Recorded information:
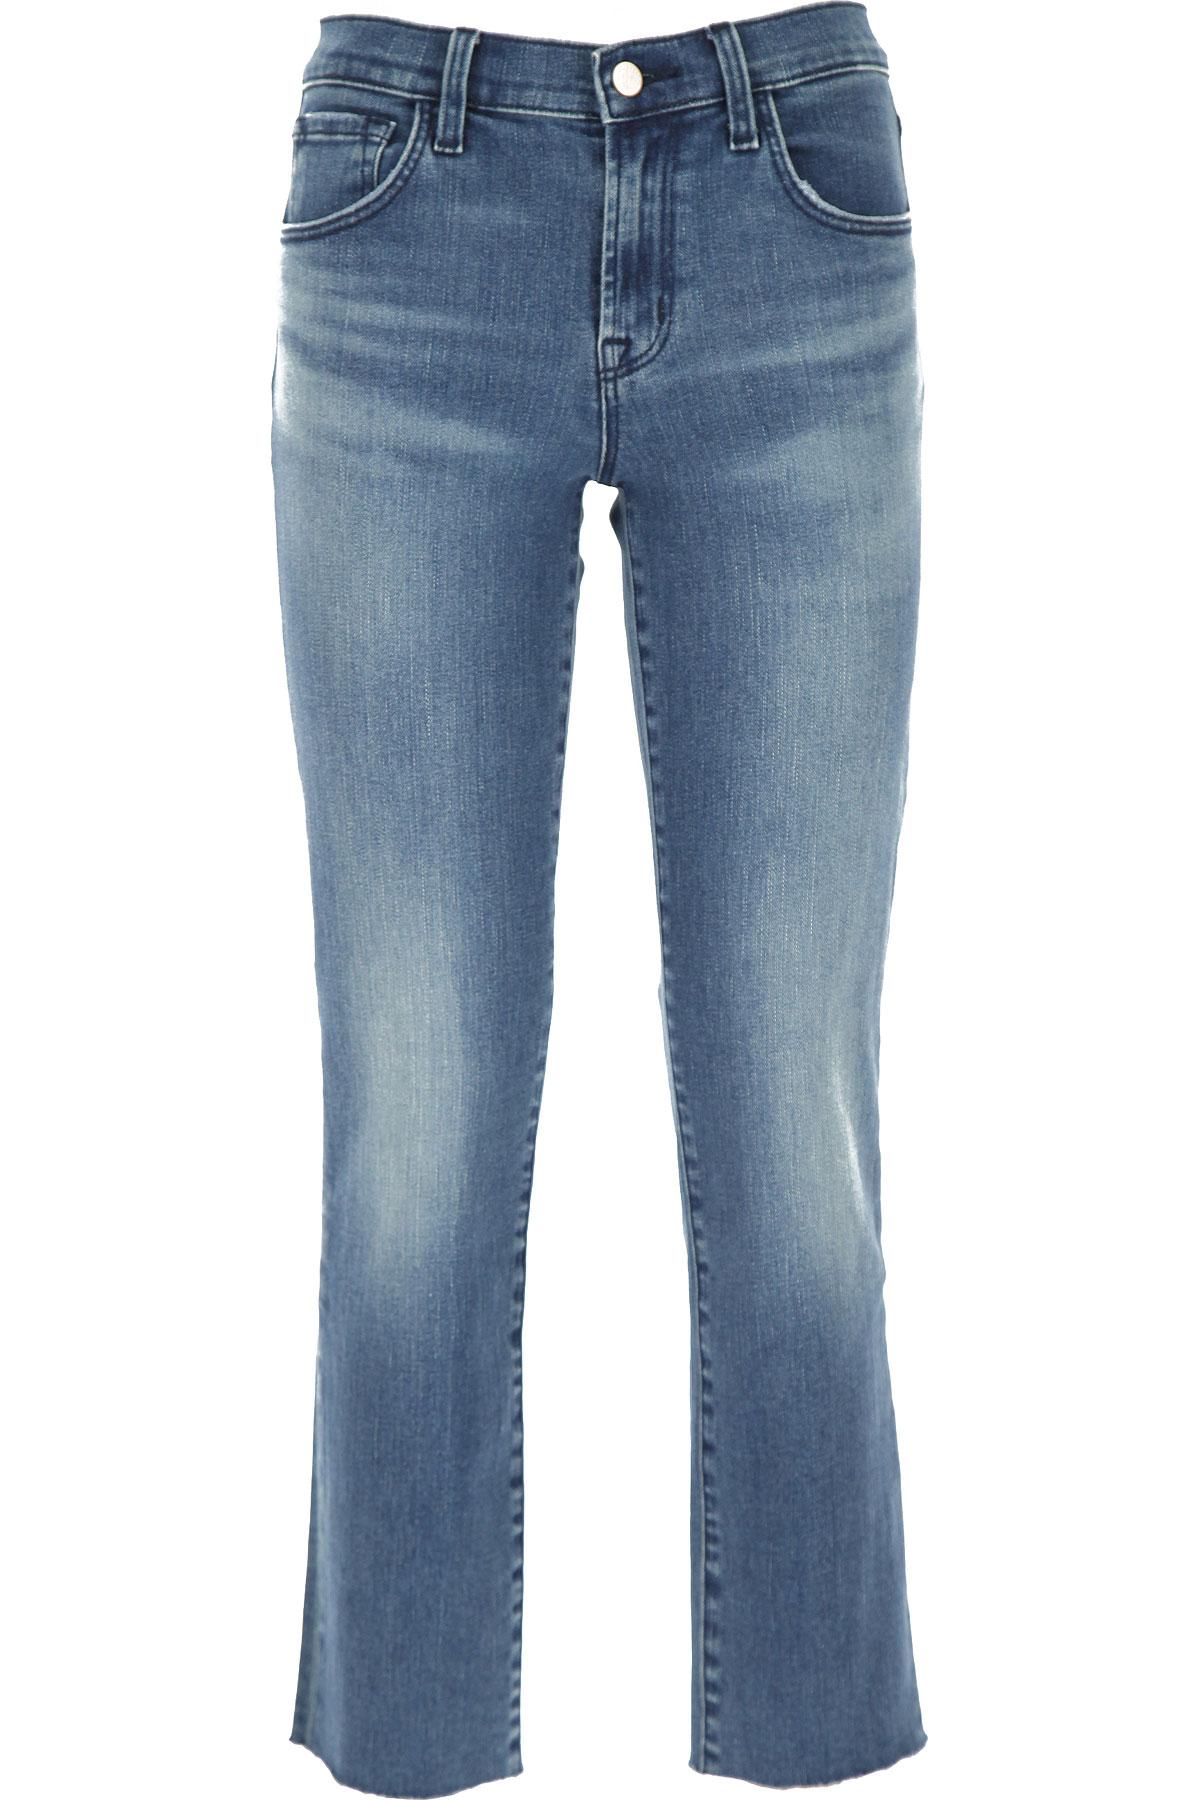 J Brand Jeans On Sale, Blu Denim, Cotton, 2019, 24 25 26 27 28 29 30
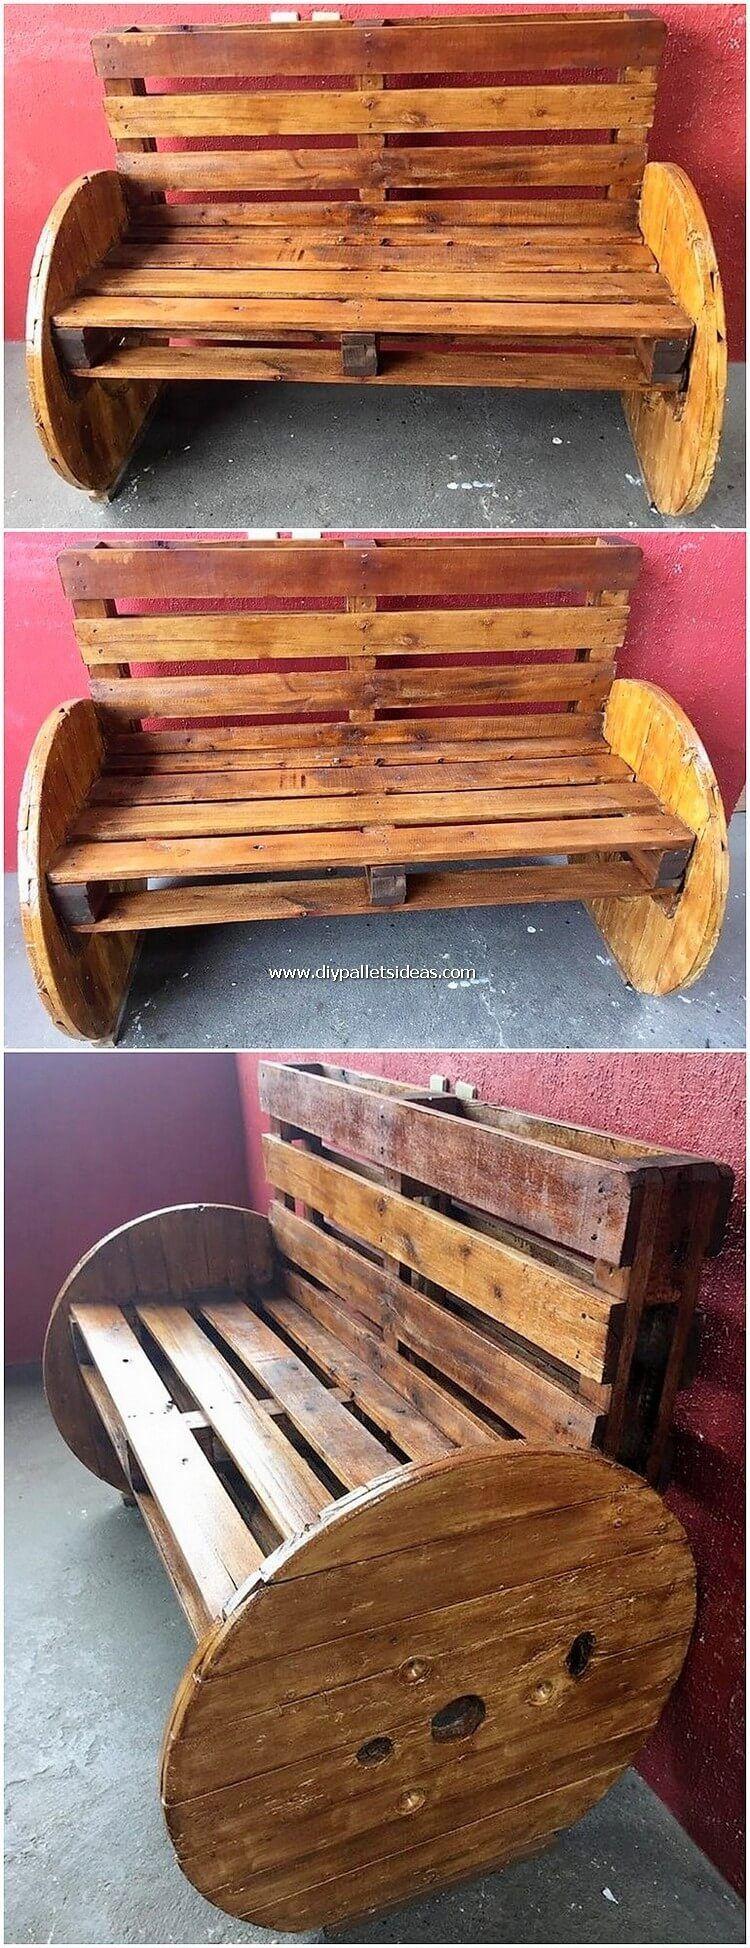 latest and fresh diy wood pallet ideas 2019 pallet furniture rh pinterest com
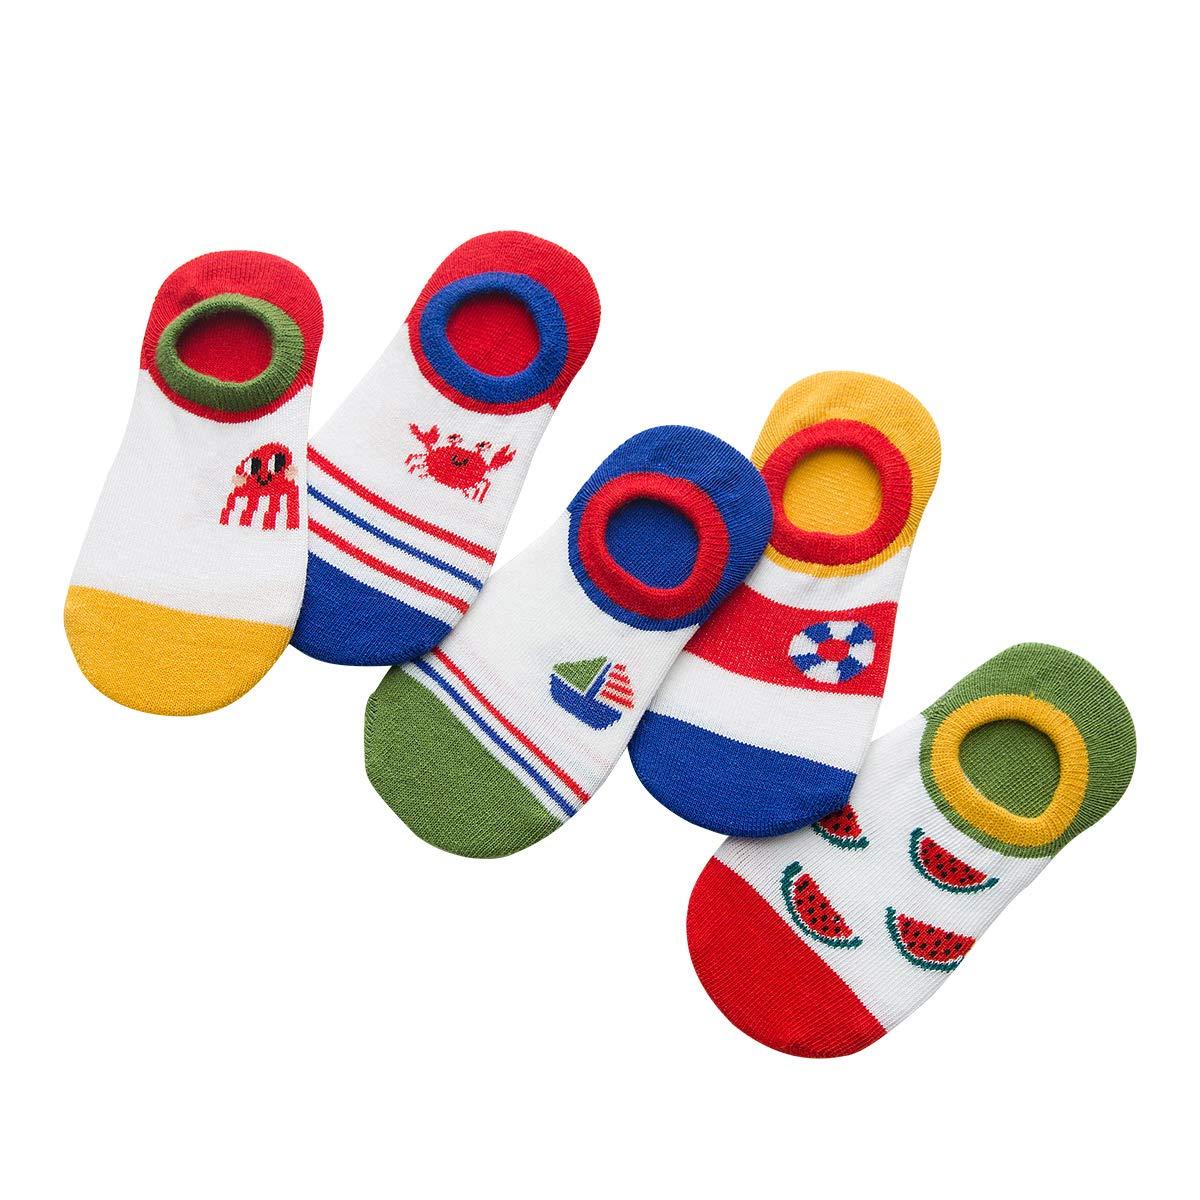 Rallytan Kids Cotton Socks Cartoon Basic No show Socks Flat Boat Line 5 Pair

Work task: Repeat the material above exactly; pictures do not belong in the copy.

Expected output:
 J Brand Jeans On Sale, Blu Denim, Cotton, 2019, 24 25 26 27 28 29 30
 latest and fresh diy wood pallet ideas 2019 pallet furniture rh pinterest com
 Rallytan Kids Cotton Socks Cartoon Basic No show Socks Flat Boat Line 5 Pair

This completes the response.